GET /v1/responses/{id}
Retrieve a previously stored response by ID.
DELETE /v1/responses/{id}
Delete a stored response.
GET /v1/models
Lists hermes-agent as an available model. Required by most frontends for model discovery.
GET /health
Health check. Returns {"status": "ok"}.
System Prompt Handling
When a frontend sends a system message (Chat Completions) or instructions field (Responses API), hermes-agent layers it on top of its core system prompt. Your agent keeps all its tools, memory, and skills — the frontend's system prompt adds extra instructions.
This means you can customize behavior per-frontend without losing capabilities:
- Open WebUI system prompt: "You are a Python expert. Always include type hints."
- The agent still has terminal, file tools, web search, memory, etc.
Authentication
Bearer token auth via the Authorization header:
Authorization: Bearer ***
Configure the key via API_SERVER_KEY env var. If no key is set, all requests are allowed (for local-only use).
The API server gives full access to hermes-agent's toolset, including terminal commands. If you change the bind address to 0.0.0.0 (network-accessible), always set API_SERVER_KEY — without it, anyone on your network can execute arbitrary commands on your machine.
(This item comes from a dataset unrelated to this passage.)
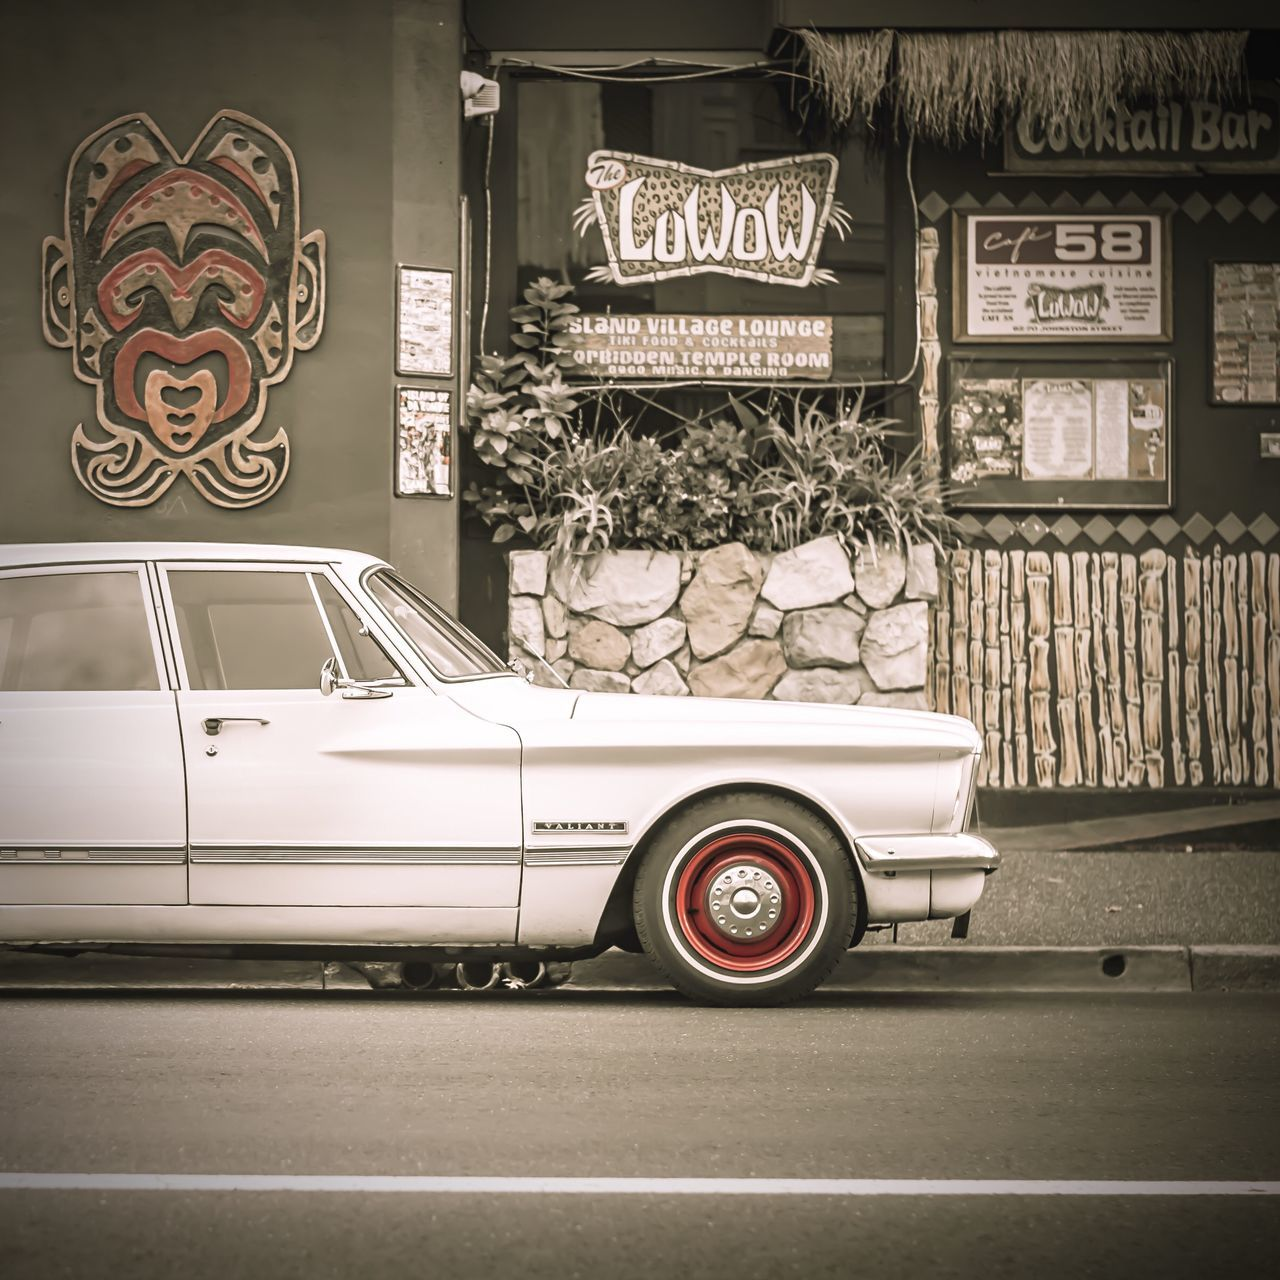 Super Retro Retro Car Vintage Melbourne Australia The Street Photographer - 2015 EyeEm Awards Mein Automoment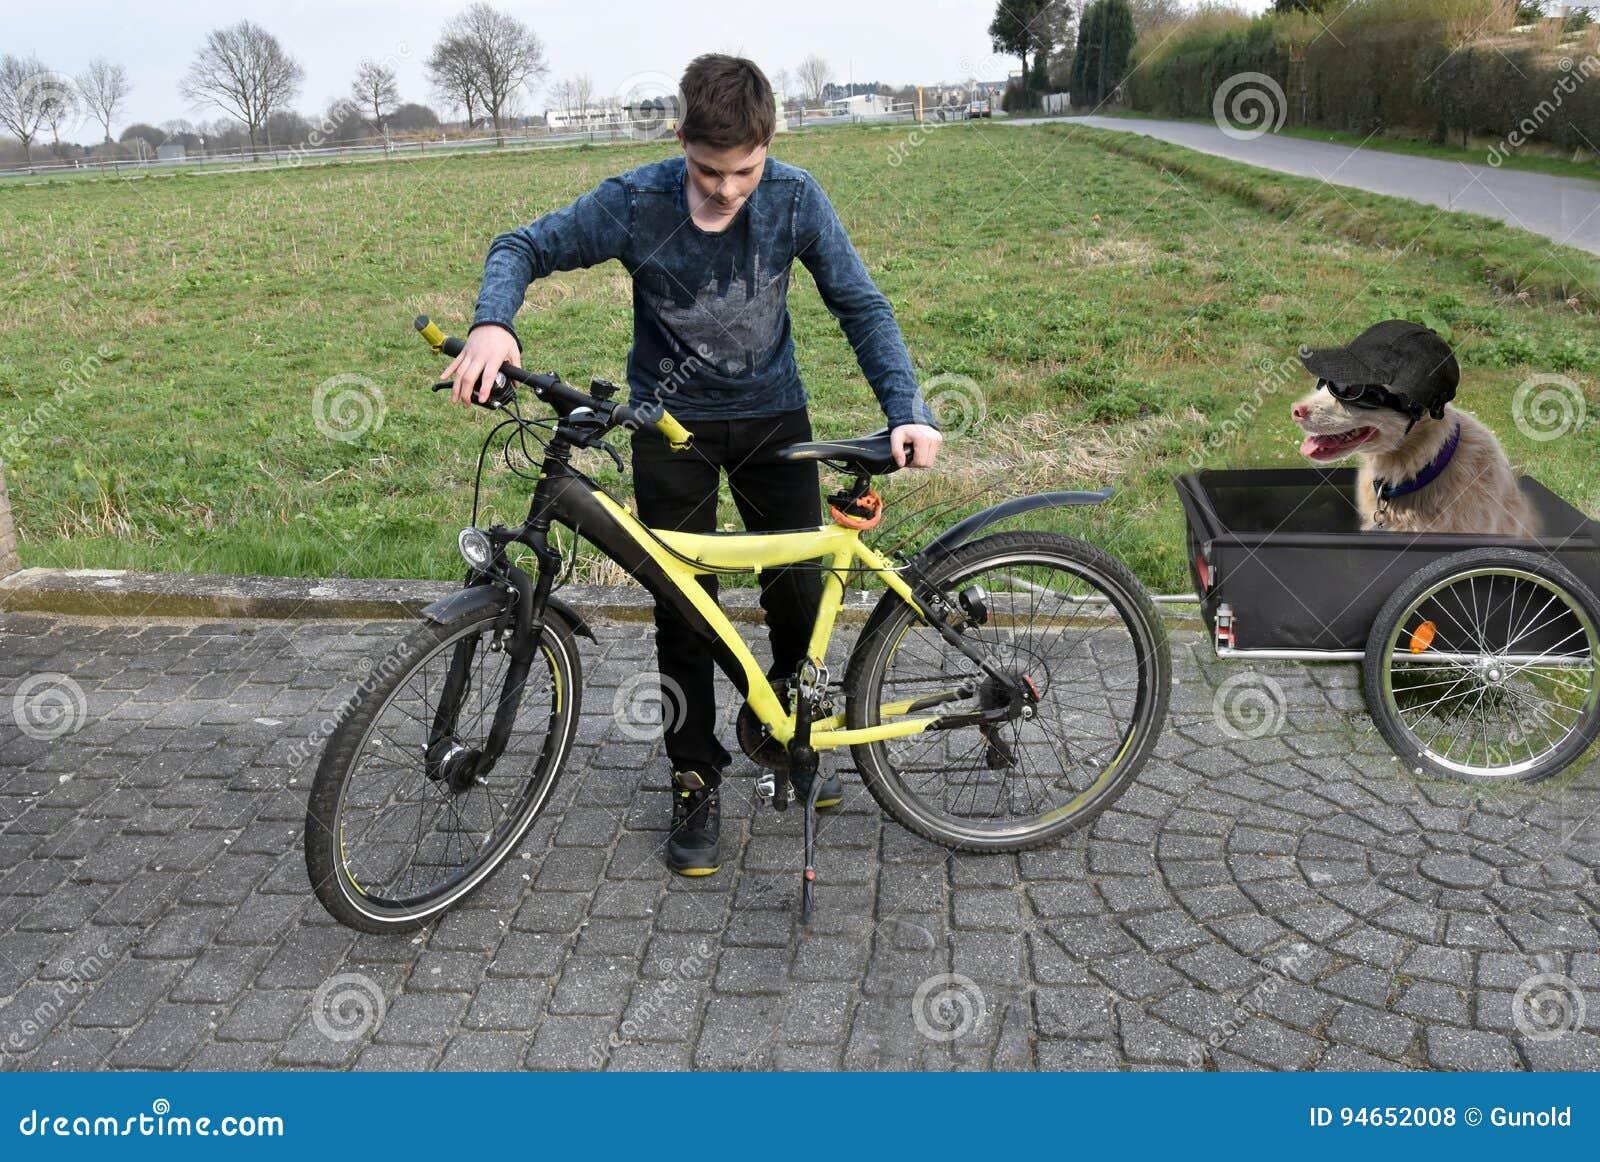 Boy and dog making a trip

The default bind address (127.0.0.1) is safe for local-only use.
Configuration
Environment Variables
| Variable | Default | Description |
|---|---|---|
API_SERVER_ENABLED | false | Enable the API server |
API_SERVER_PORT | 8642 | HTTP server port |
API_SERVER_HOST | 127.0.0.1 | Bind address (localhost only by default) |
API_SERVER_KEY | (none) | Bearer token for auth |
config.yaml
# Not yet supported — use environment variables.
# config.yaml support coming in a future release.
CORS
The API server includes CORS headers on all responses (Access-Control-Allow-Origin: *), so browser-based frontends can connect directly.
Compatible Frontends
Any frontend that supports the OpenAI API format works. Tested/documented integrations:
| Frontend | Stars | Connection |
|---|---|---|
| Open WebUI | 126k | Full guide available |
| LobeChat | 73k | Custom provider endpoint |
| LibreChat | 34k | Custom endpoint in librechat.yaml |
| AnythingLLM | 56k | Generic OpenAI provider |
| NextChat | 87k | BASE_URL env var |
| ChatBox | 39k | API Host setting |
| Jan | 26k | Remote model config |
| HF Chat-UI | 8k | OPENAI_BASE_URL |
| big-AGI | 7k | Custom endpoint |
| OpenAI Python SDK | — | OpenAI(base_url="http://localhost:8642/v1") |
| curl | — | Direct HTTP requests |
Limitations
- Response storage is in-memory — stored responses (for
previous_response_id) are lost on gateway restart. Max 100 stored responses (LRU eviction). - No file upload — vision/document analysis via uploaded files is not yet supported through the API.
- Model field is cosmetic — the
modelfield in requests is accepted but the actual LLM model used is configured server-side in config.yaml.